We speak glibly of Shenzhen as a “global city” and of the importance of “globalization”, drawing attention to “economic forces” and “Chinese politics”. Indeed, these simple phrases help us manage the alienating and dissonant fallout of truly thinking about what it means that our everyday lives stretch out across networks we do not fully see and dependent upon processes we cannot predict, let alone control.
Yesterday, for example, I walked from the Shenzhen Bay Checkpoint to my house on Shekou Industry #8 Street. I passed several hundred cross-border pre-schoolers and elementary students on their way home, another Shenzhen Bay development project (north on Dongbin Road), and a clean collection plastic container to collect clothing donations for poor and/or destitute areas of the interior (neidi). Globalized footsteps indeed.
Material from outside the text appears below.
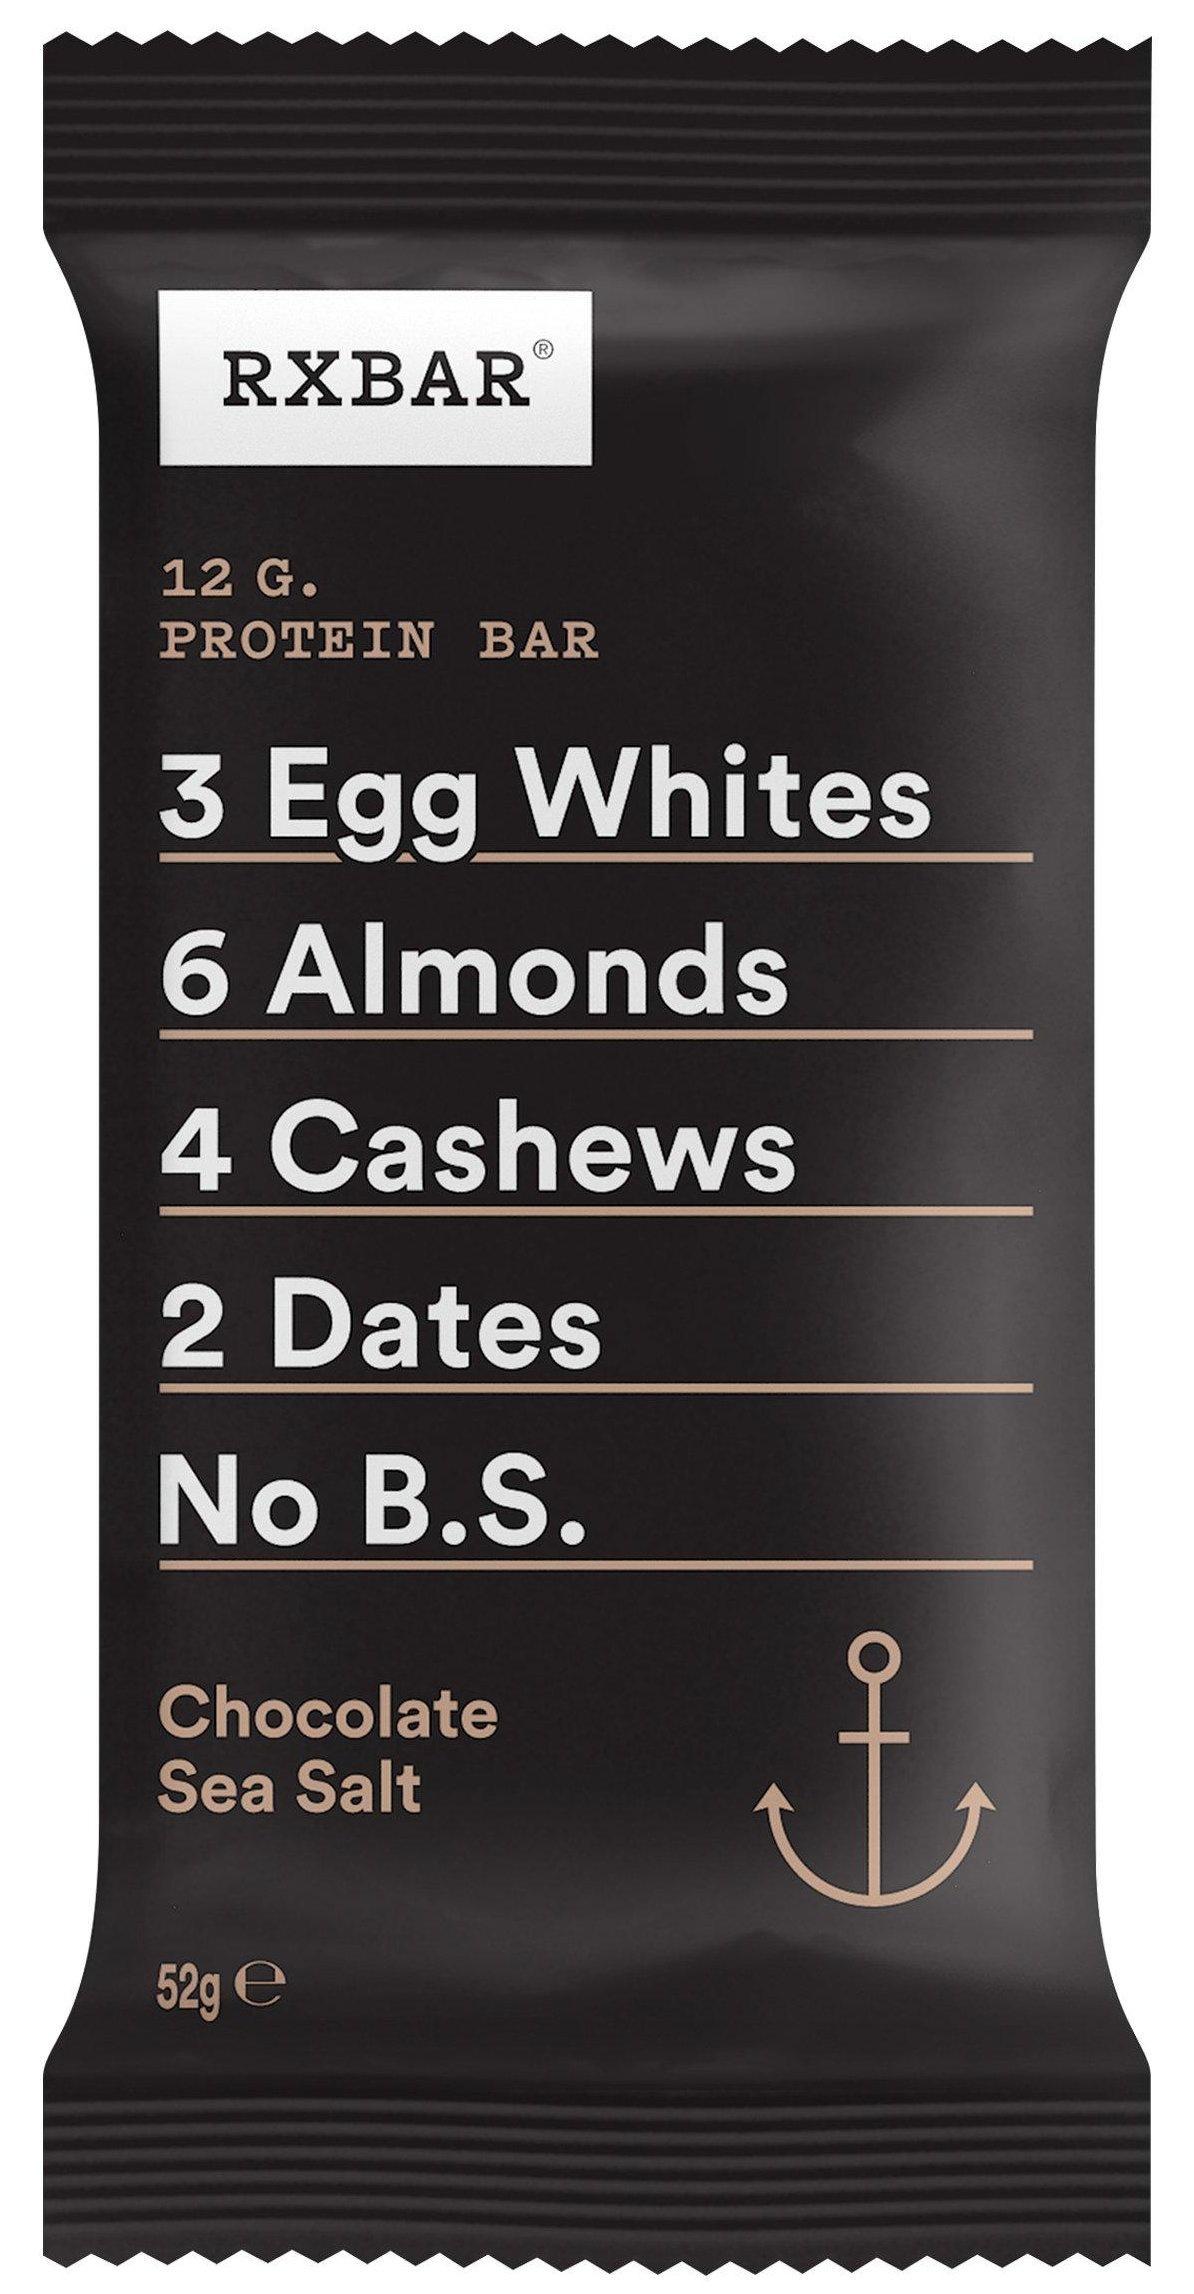 RXBAR Proteinbar Chocolate Sea Salt

Each of these events represented individual and/or collective attempts to navigate and use international and domestic borders. We can speculate on why parents might send their young children on hour-long treks from Shenzhen to Hong Kong. We can provide Marxist analysis for land reclamation and real estate development in Shenzhen Bay. We can note the rise of philanthropy as Shenzhen’s middle class solidifies its self-identity as caring for neidi communities. But at every twist of thought, the totality of what the city might or might not be, slips away and we resort to chasing the next idea that bumps awareness.
The earth feels solid. The concrete reflects south Chinese heat. The tacky red heart symbolizes an actual desire to improve the world. There is a here and now that seems reliable, until we start thinking. And then, once again, a massive, unwieldy mess of global cogitation distorts the all too ordinary edges of everyday life and we suddenly suspect that life really might be elsewhere.